Attorney, Agent or Firm: Imwalle; William M., Hunter; Shawn
Parent Case Text
This application is a continuation-in-part of application Ser. No. 236,436,
filed May 2, 1994 which issued as U.S. Pat. No. 5,479,986 on Jan. 2, 1996.
Claims
What is claimed is:
1. A plug assembly for selective blocking of a flowbore, the plug assembly
comprising:
a. a plug member substantially comprised of materials which are dissolvable
in fluid; and
b. a port which may be selectively opened to provide fluid access to the
plug member.
2. The plug assembly of claim 1 wherein the plug member is substantially
comprised of sand and salt.
3. The plug assembly of claim 2 further comprising an elastomeric membrane
covering portions of the plug member.
4. The plug assembly of claim 2 wherein the plug member presents a convex
upper surface.
5. The plug assembly of claim 1 further comprising a plug housing which
radially surrounds the plug member and contains the port.
6. The plug assembly of claim 5 further comprising an annular sleeve
containing a recess into which the plug housing is received, the port of
the plug housing being selectively opened through alignment of said port
with an aperture within said sleeve.
7. The plug assembly of claim 6 wherein the port and the aperture are
generally aligned as the sleeve and plug housing are axially separated
such that the plug housing is withdrawn from the recess of the annular
sleeve.
8. The plug assembly of claim 7 wherein the sleeve and plug housing are
axially separated by sequentially pressurizing and depressurizing of a
flowbore within which the plug assembly is placed.
9. The plug assembly of claim 8 further comprising a loading sleeve
presenting a plug housing seat and adapted to support the plug housing,
the loading sleeve being selectively maintained in a position supporting
the plug housing by an inwardly biased, radially expandable C-ring.

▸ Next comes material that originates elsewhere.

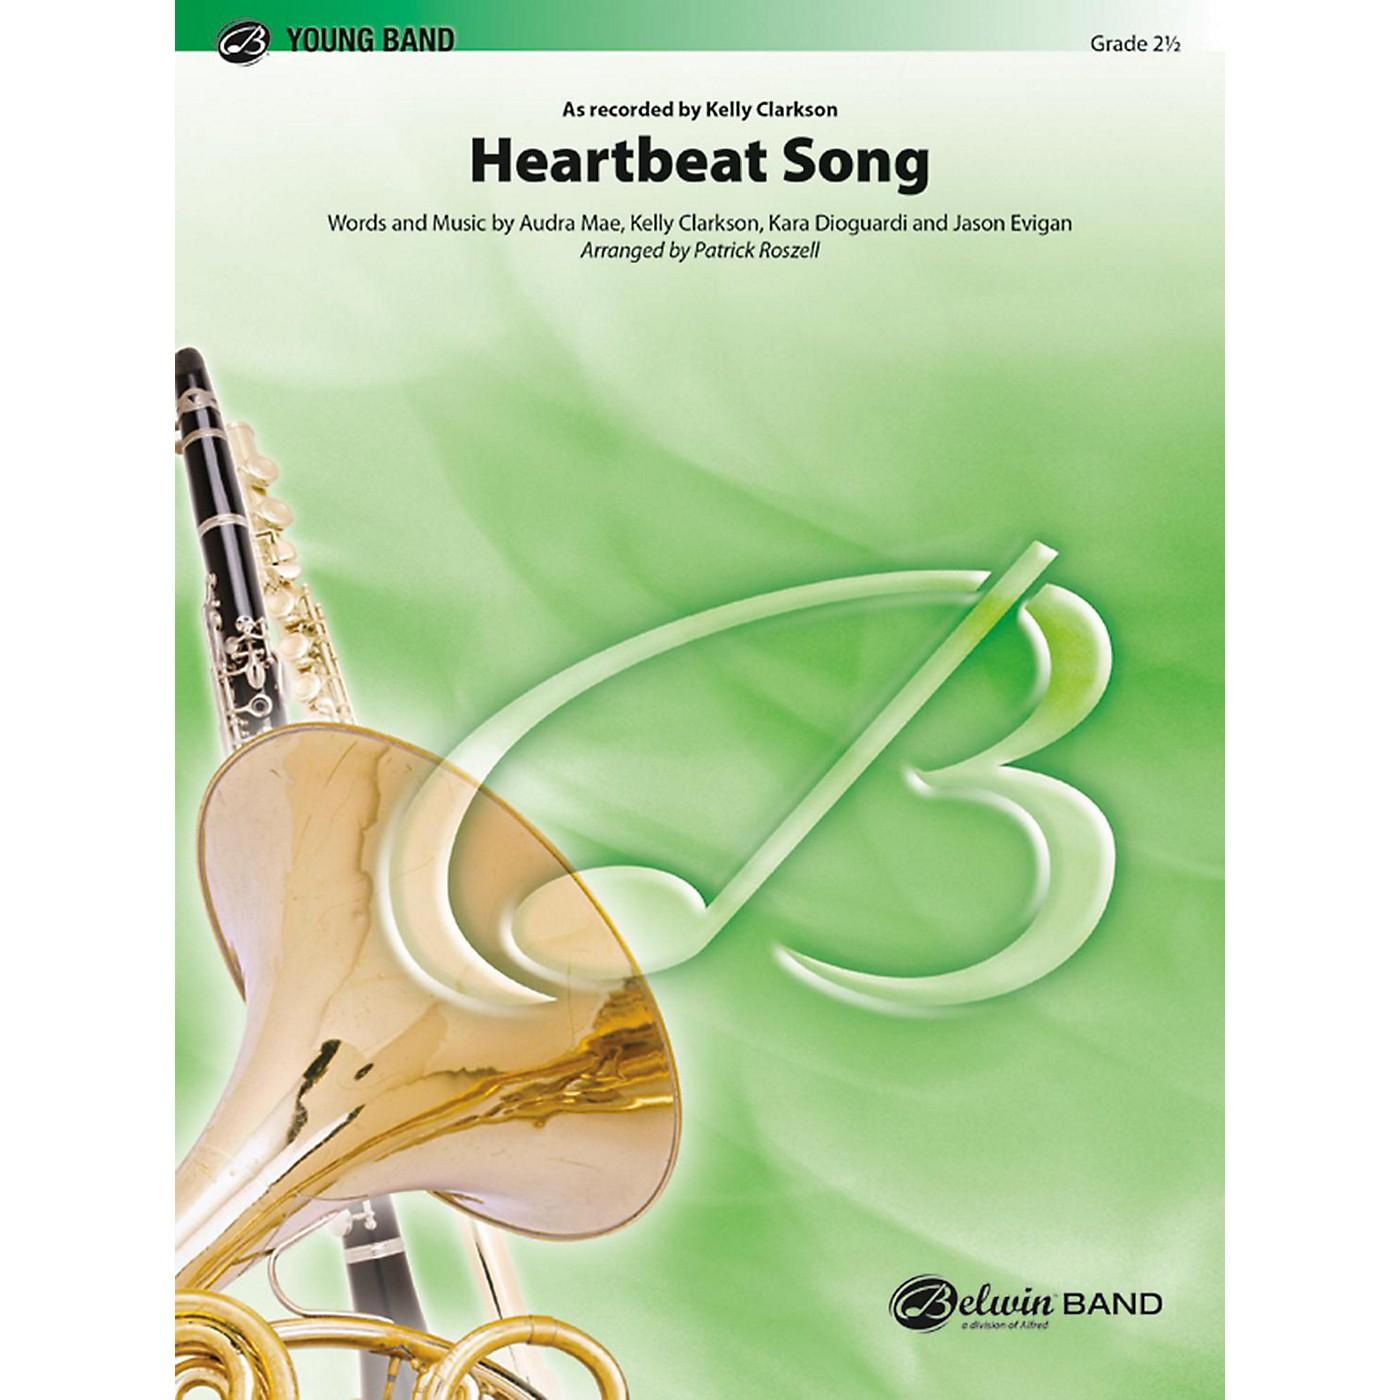 BELWIN Heartbeat Song Grade 2 (Easy) thumbnail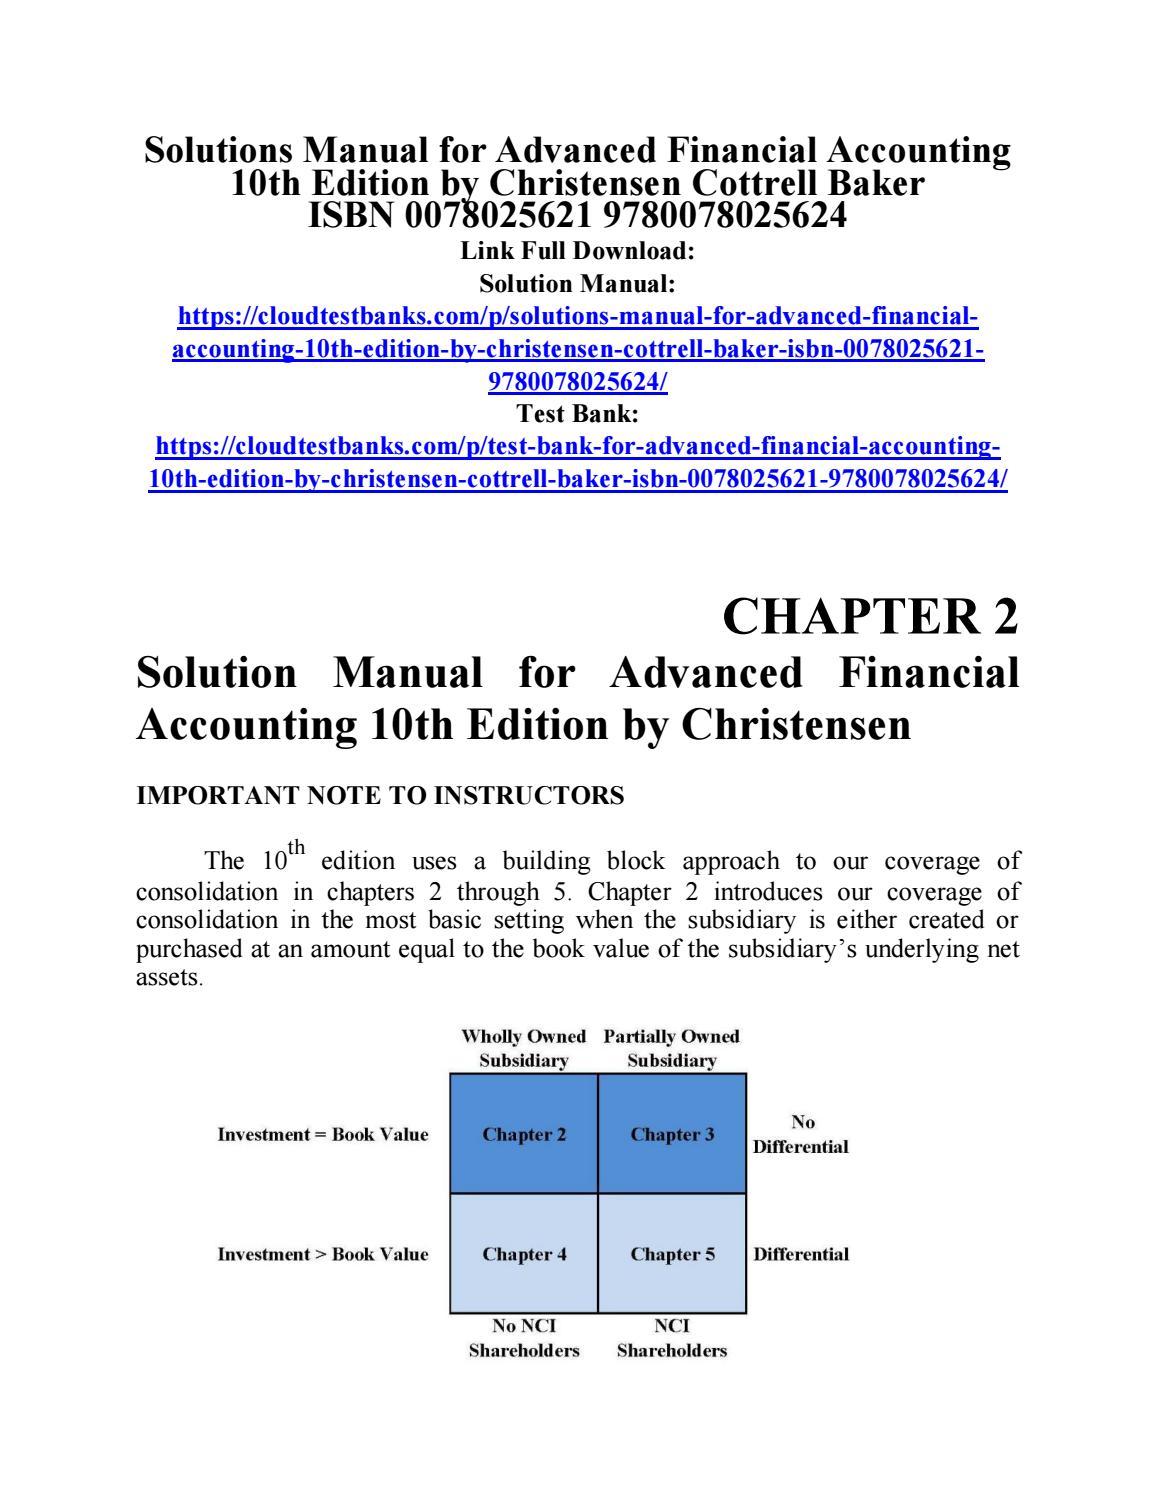 Solution Manual Advanced Financial Accounting 10th Edition By Christensen 9780078025624 By Shywe Issuu

10. The plug assembly of claim 9 wherein the loading sleeve is further
maintainable in said supporting position by a shearable member which may
be sheared to release the loading sleeve from said supporting position.
11. The plug assembly of claim 9 further comprising an axially moveable
support sleeve which is moveable between first and second positions and
having an extending flange which maintains said C-ring in a radially
expanded condition when said support sleeve is in its first position.
12. The plug assembly of claim 11 wherein the support sleeve is maintained
in its first position by a shear pin.
13. A method for substantially destroying a flowbore plug which is
dissolvable in fluids, the method comprising the steps of:
placing the plug within a flowbore so as to block fluid flow therethrough;
and
substantially destroying the plug by selectively opening a fluid port to
communicate fluid to a portion of the plug and dissolve it.
14. The method of claim 13 wherein the plug is substantially destroyed by
sequentially pressurizing and depressurizing portions of the flowbore
within which the plug is located.
Description
BACKGROUND OF THE INVENTION
1. Field of the Invention
The present invention relates to bridge plugs and other plugs which are set
within a wellbore housing. More particularly, the present invention
relates to a means for providing a plug on a temporary basis which may be
substantially destroyed when required.
2. Description of the Related Art
In conventional practice, when a well or formation within a well must be
closed off, it is common to establish a plug within the wellbore to close
off the flow of fluids across the plugged off area. The drillable plugs,
usually used during cementing procedures, are made of soft metals through
which a drill bit can pass and are intended to be removed by drilling.
"Retrievable" plugs are intended to be easily removed from a wellbore.
They are run into the well on tubing or cable and removed the same way.
If it becomes necessary to re-establish that portion of the well closed off
by the plug, tools must be removed from the wellbore before the workers
can attempt to remove the plugs. Removal of the tools, drilling of the
plug and re-establishing of the well entail significant cost and rig time.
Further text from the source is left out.